CHAPITRE LIX.

Espions.


Quand le Parisien n’auroît pas la légéreté qu’on lui reproche, il l’adopteroit par raison. Il marche environné d’espions. Dès que deux citoyens se parlent à l’oreille, survient un troisieme, qui rode pour écouter ce qu’ils disent. C’est un régiment de curieux que celui des espions de police ; avec cette différence, que chaque individu de ce régiment a un uniforme particulier qu’il change chaque jour ; & rien de si prompt & de si étonnant que ces sortes de métamorphoses.

Celui qui porte une épée le matin, prend le soir un rabat ; tantôt il représente un paisible robin en cheveux longs, tantôt un spadassin l’épée sur la hanche ; le lendemain, ayant en main une canne à pomme d’or, il figurera un financier uniquement occupé de calculs ; les travestissemens les plus bizarres ne lui coûtent rien. Il est dans la même journée, chevalier de Saint-Louis & garçon perruquier, prieur tonsuré & marmiton. Il visite le bal paré & le tripot le plus infect. Tantôt le diamant au doigt, tantôt la plus sale perruque sur la tête, il change presque de physionomie comme d’habillement ; & plus d’un enseigneroient à Préville l’art de se décomposer ; il est tout yeux, tout oreilles, tout jambes ; car il bat, je ne sais comment, le pavé des seize quartiers. Tapi quelquefois dans le coin d’un café, vous diriez un homme lourd, triste, ennuyeux, qui ronfle en attendant le souper : il a tout vu, tout entendu. Une autre fois, il est orateur, il a rendu le premier des propos hardis, il vous sollicite à vous déboutonner, il interprete jusqu’à votre silence ; & que vous lui parliez, ou que vous ne lui parliez pas, il sait ce que vous pensez de telle ou telle opération.

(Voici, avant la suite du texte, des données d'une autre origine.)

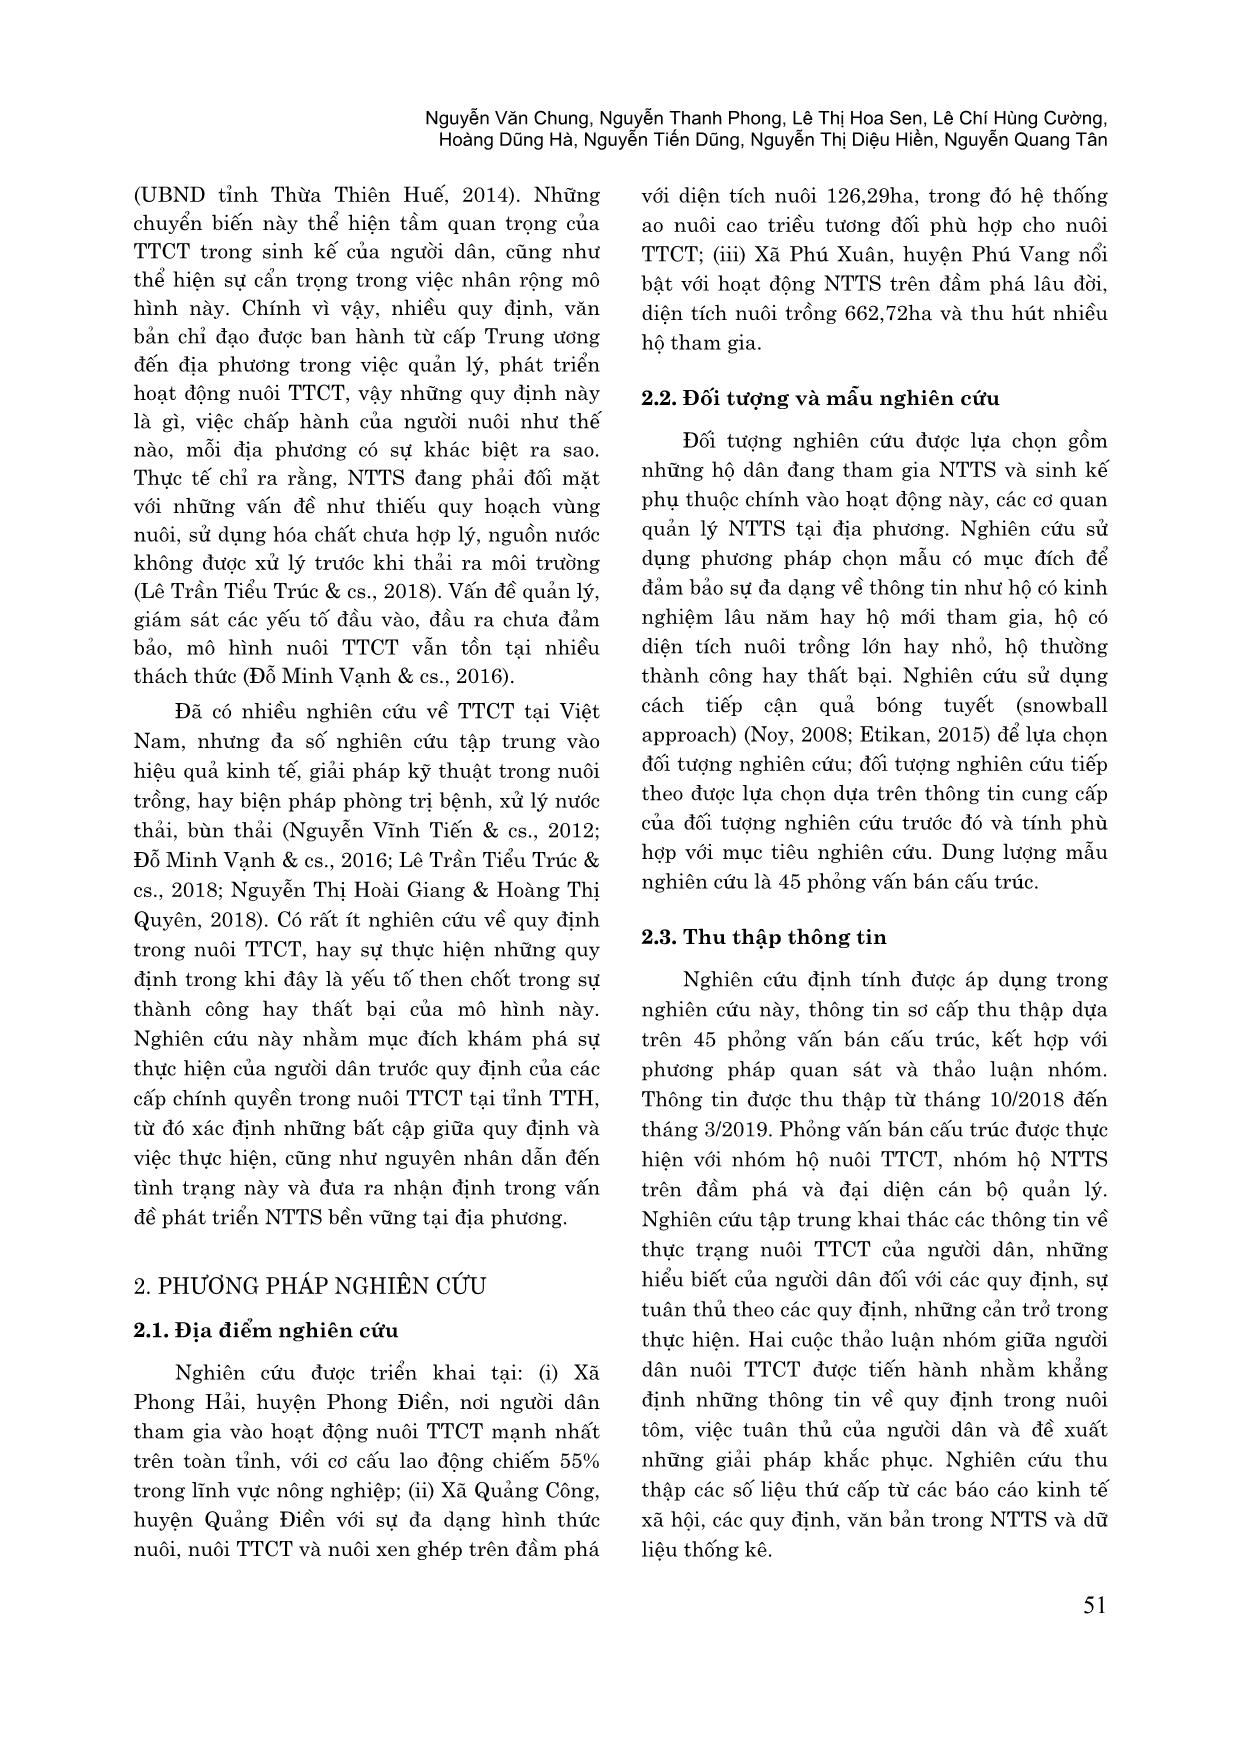 Khoảng cách giữa quy định và thực hiện trong nuôi tôm thẻ chân trắng tại Thừa Thiên Huế trang 2

Tel est l’instrument universel dont on se sert à Paris pour pomper les secrets ; & c’est ce qui détermine plus volontiers les actions des ministres, que tout ce qu’on pourroit imaginer en raisonnemens & en politique.

L’espionnage a détruit les liens de la confiance & de l’amitié ; on n’agite que des questions frivoles, & le gouvernement dicte, pour ainsi dire, aux citoyens la these sur laquelle ils parleront le soir dans les cafés & dans les cercles. Si l’on veut cacher la mort d’un homme, on ne se dira qu’à l’oreille, il est mort ; & l’on ajoutera, on ne parle point de cela jusqu’à nouvel ordre. Le peuple a perdu absolument toute idée d’administration civile & politique ; & si quelque chose pouvoit faire rire au milieu d’une ignorance si déplorable, ce seroit le propos de tel bourgeois inepte, qui s’imagine constamment que Versailles & Paris doivent donner la loi & le ton à toute l’Europe, & de là au monde entier. La classe des préjugés les plus invétérés ne peut pas abandonner ces vieilles têtes Parisiennes, modifiées par la sottise la plus incurable. Le peuple qui n’a guere d’autre lecture que la gazette de France, ne raisonne que d’après elle.